Move "unsafe" diagnostics from errors to warnings

DougGregor · DougGregor · commit 571859f294bd · 2024-08-19T14:34:00.000-07:00
Warnings fit better with the approach we're going for, and can be
escalated to errors by `-warnings-as-errors` for clients that need it.
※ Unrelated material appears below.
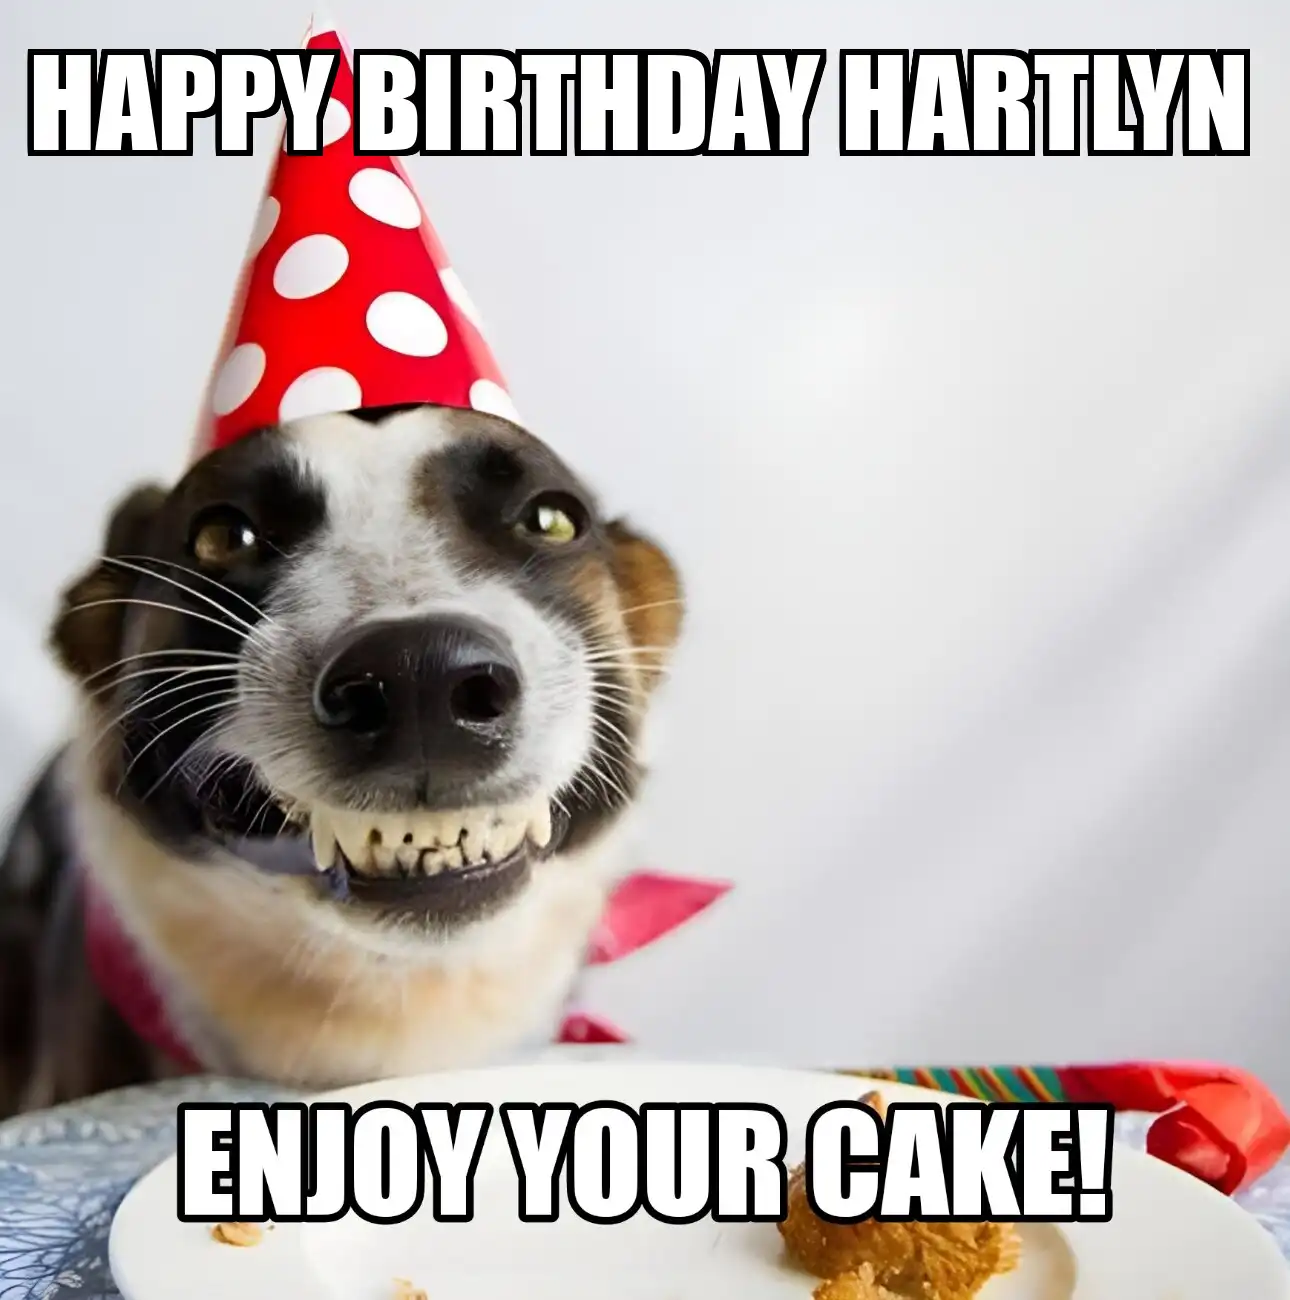 Happy Birthday Hartlyn Enjoy Your Cake Dog Meme

diff --git a/include/swift/AST/DiagnosticsSema.def b/include/swift/AST/DiagnosticsSema.def
@@ -7969,24 +7969,24 @@ NOTE(sending_function_result_with_sending_param_note, none,
 //------------------------------------------------------------------------------
 ERROR(unsafe_attr_disabled,none,
       "attribute requires '-enable-experimental-feature AllowUnsafeAttribute'", ())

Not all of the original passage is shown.